The author concludes the book with a forecast, a forecast about the Political and Economic future of the world. According to Frankopan, the future belongs to the Orient. Of the many factors he identifies, and which let him infer so, the important one is ‘Resources.’ The vast reservoirs of natural resources such as Oil and Gas, that rest in the womb of the Caspian Sea, Caucasus, and the Persian Gulf, the leviathan of fertile plains of Central Asia and those lies to the North of the Black Sea, would be instrumental in determining the political and economic fate of the world in the foreseeable future. Moreover, the rise of China at breakneck speed, the growing influence of Russia in the political affairs of the Middle East, Central Asia, and Ukraine in particular, and the world, in general, speak for themselves where things are heading.
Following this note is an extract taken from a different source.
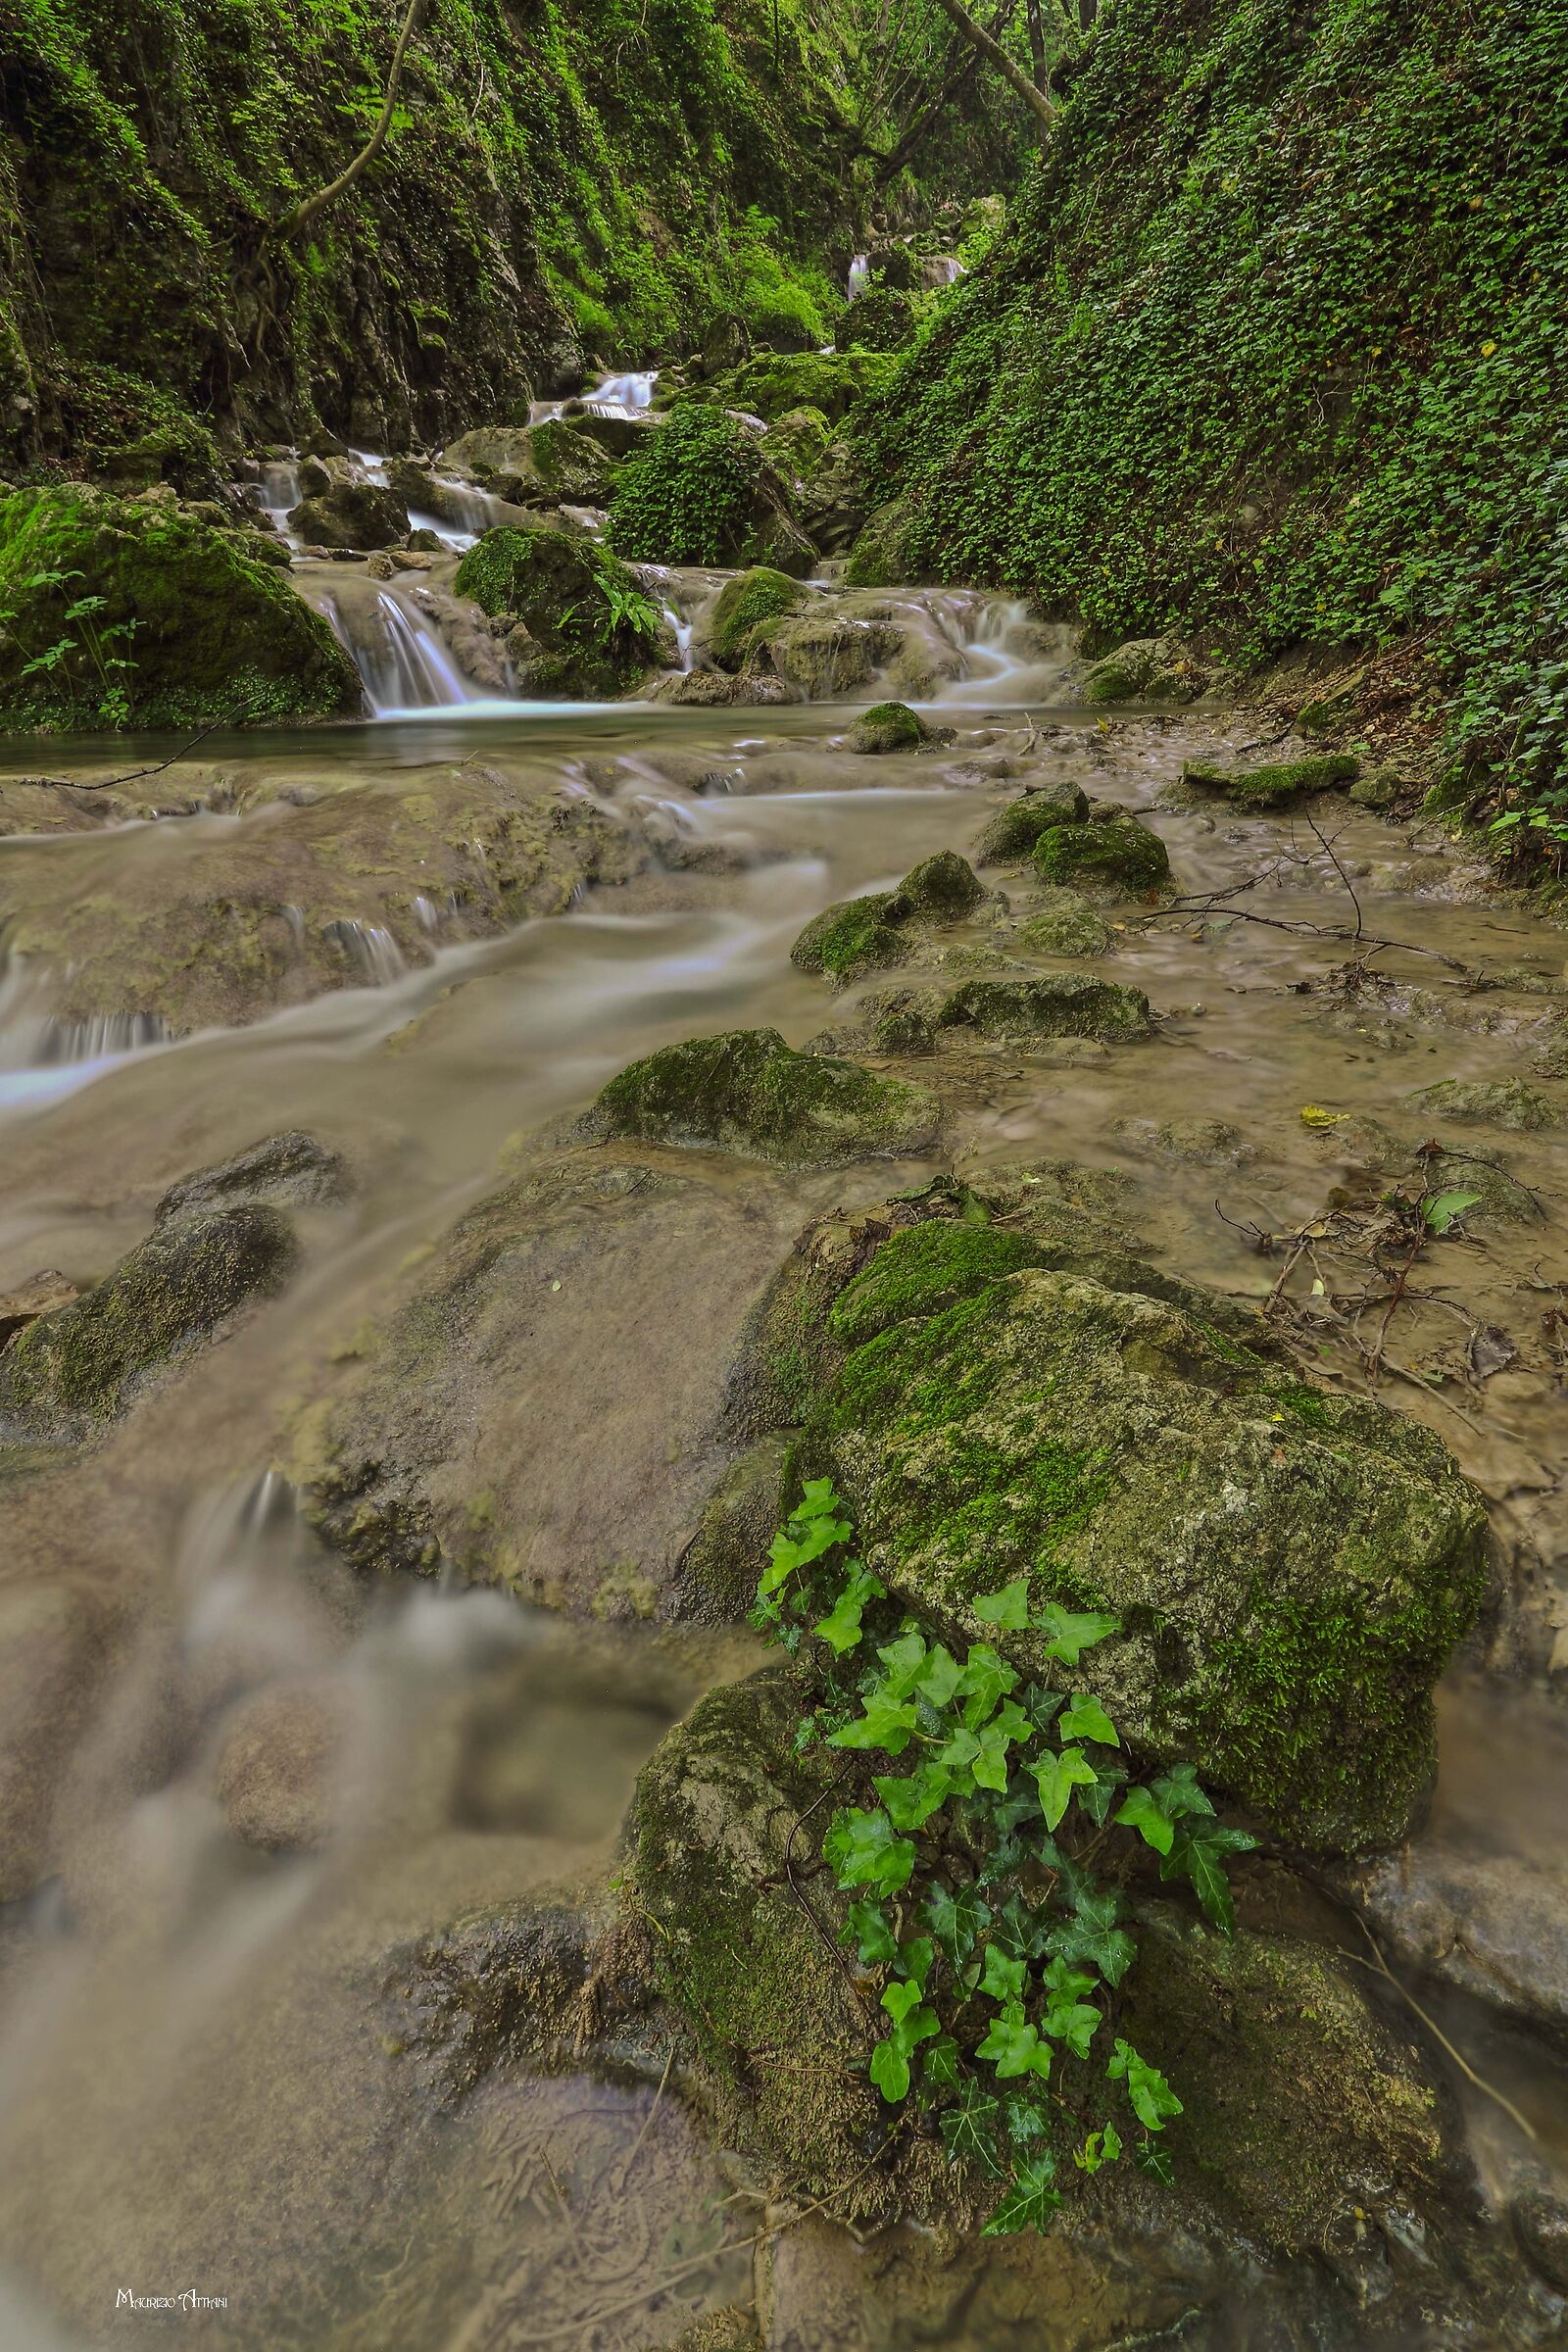 Along the Great Waterfall of Rio Scuro ...
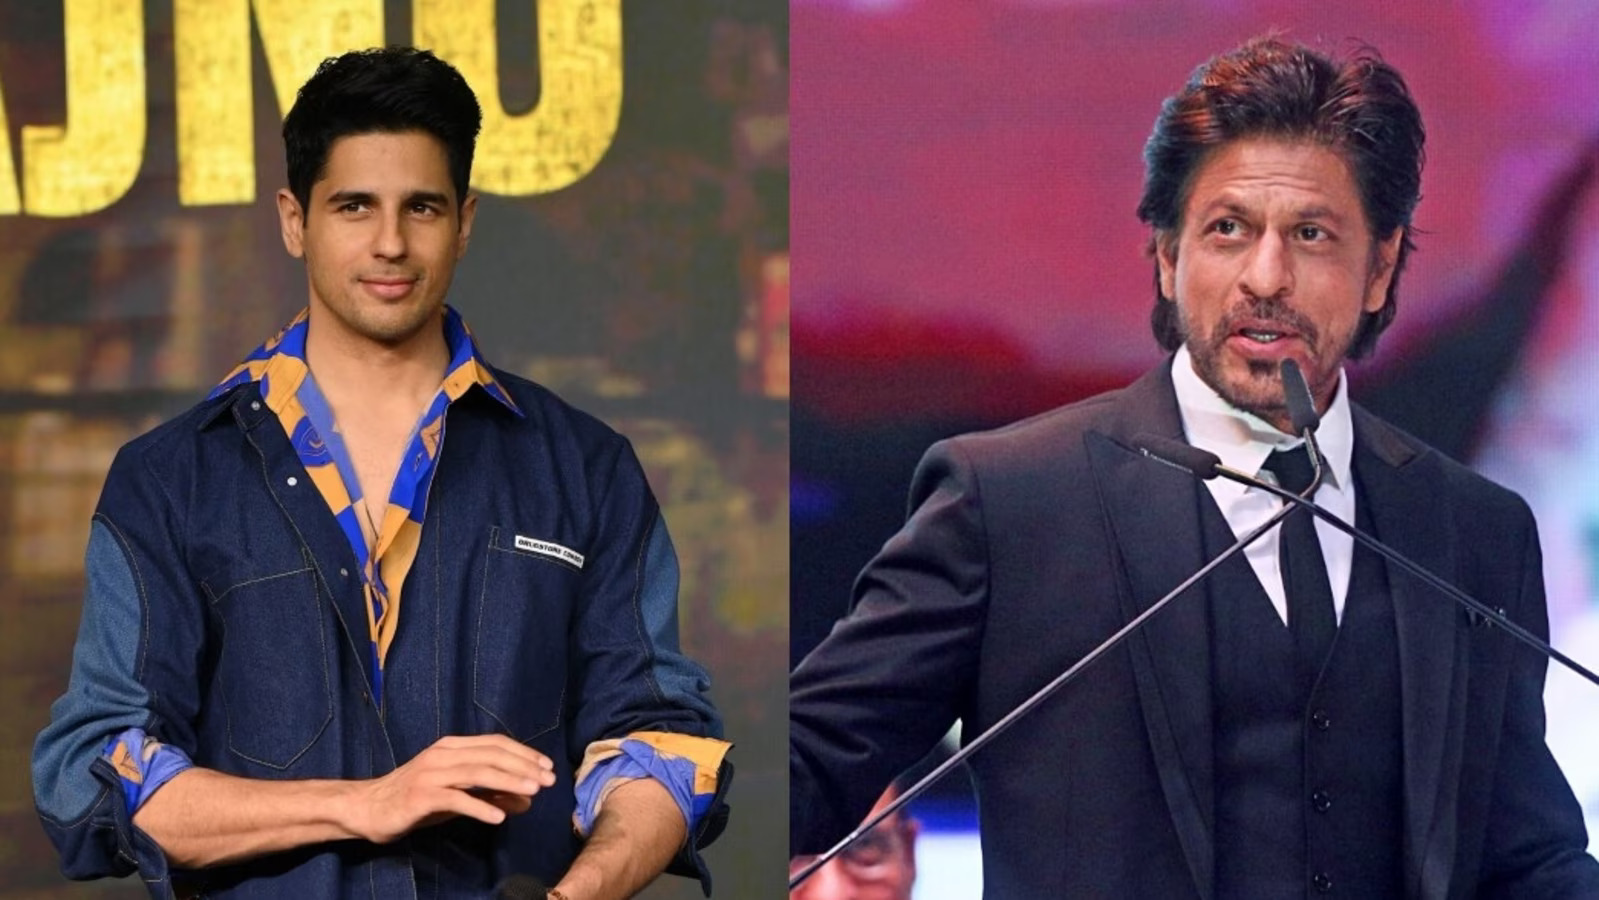 Sidharth Malhotra says he 'couldn't speak at all' When he met Shah Rukh Khan

To cut the long story short, ‘the Orient,’ which became the victim of the biases and prejudices of the ‘Occident’, has been ignored for the most part of history. In actuality, it has remained an area of interest, at least for those, who desired to dominate the world. The eastward expansion of the Greeks, Romans, Portuguese, Britain, and Nazis, and the deep interest shown by the US in the east, contemporary, indicates, where ‘the heart of World lies.’

A single word that could aptly describe the “Silk Roads” is ‘treasure.’ There is so much I want to add, which unfortunately I couldn’t, in this brief piece of writing. It was a long journey of 24 days, more than 500 pages across the world, which just came to an end. Peter Frankopan! You were an amazing guide.